● **PROBLEM TO SOLVE**
Write out, word for word, every line in the data below from the one containing "9. Общее замечание" to the one containing "کاتیون کرافت لیگنین", both of them included.

● **DATA FOR THIS TASK**
□ □ □ □ □
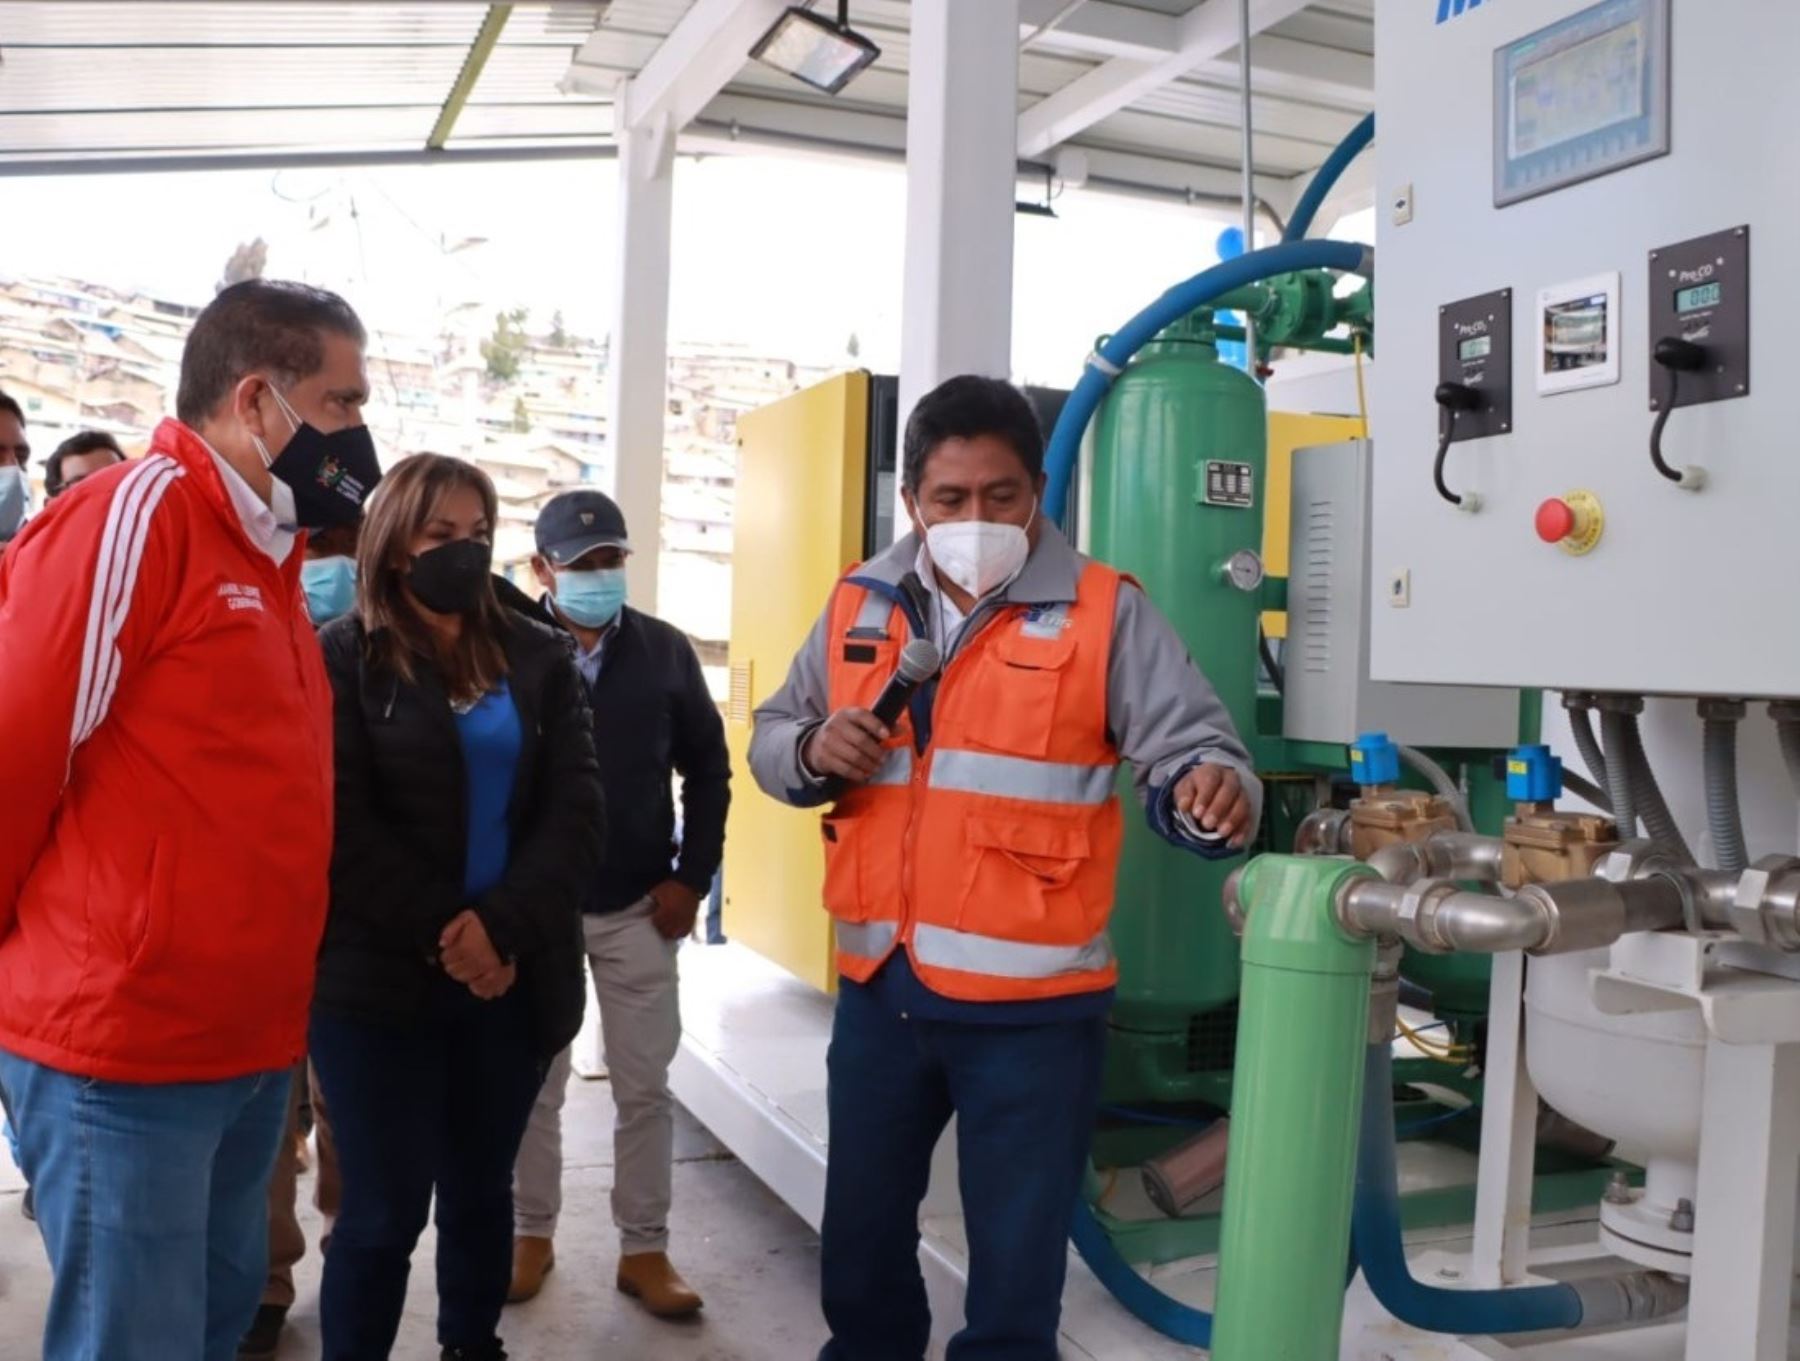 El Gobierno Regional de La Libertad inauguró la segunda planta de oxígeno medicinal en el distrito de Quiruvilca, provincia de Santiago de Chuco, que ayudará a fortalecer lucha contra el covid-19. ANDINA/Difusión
□ □ □ □ □
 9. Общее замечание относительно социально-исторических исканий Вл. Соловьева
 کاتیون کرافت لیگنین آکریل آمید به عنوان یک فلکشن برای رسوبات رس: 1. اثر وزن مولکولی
□ □ □ □ □
● **OUTPUT FOR THIS EXERCISE**
 9. Общее замечание относительно социально-исторических исканий Вл. Соловьева
 کاتیون کرافت لیگنین آکریل آمید به عنوان یک فلکشن برای رسوبات رس: 1. اثر وزن مولکولی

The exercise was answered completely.